If the Reference Property consists of more than a single type of consideration to be determined based in part upon any form of stockholder election, then the composition of the Reference Property Unit will be deemed to be the weighted average of the types and amounts of consideration actually received, per share of Class A Common Stock, by the holders of Class A Common Stock. The Company will notify the Holders of such weighted average as soon as reasonably practicable after such determination is made.
(ii) Compliance Covenant. The Company will not become a party to any Class A Common Stock Change Event unless its terms are consistent with this Section 9(h).

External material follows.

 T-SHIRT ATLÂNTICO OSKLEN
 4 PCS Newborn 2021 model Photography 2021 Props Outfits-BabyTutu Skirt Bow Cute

(iii) Execution of Supplemental Instruments. On or before the date the Class A Common Stock Change Event becomes effective, the Company and, if applicable, the resulting, surviving or transferee Person (if not the Company) of such Class A Common Stock Change Event (the “Successor Person”) will execute and deliver such supplemental instruments, if any, as the Company reasonably determines are necessary or desirable to (1) provide for subsequent adjustments to the Boundary Conversion Rates pursuant to Section 9(f)(i) (and other related terms of the Mandatory Convertible Preferred Stock, including the Boundary Conversion Prices and the Floor Price) in a manner consistent with this Section 9(h); and (2) give effect to such other provisions, if any, as the Company reasonably determines are appropriate to preserve the economic interests of the Holders and to give effect to Section 9(h)(i). If the Reference Property includes shares of stock or other securities or assets (other than cash) of a Person other than the Successor Person, then such other Person will also execute such supplemental instrument(s) and such supplemental instrument(s) will contain such additional provisions, if any, that the Company reasonably determines are appropriate to preserve the economic interests of Holders. For the avoidance of doubt, each supplemental instrument, if any, entered into solely to give effect to this Section 9(h) will be permitted pursuant to Section 8(b)(i)(IV) without any vote or consent of any of the Holders.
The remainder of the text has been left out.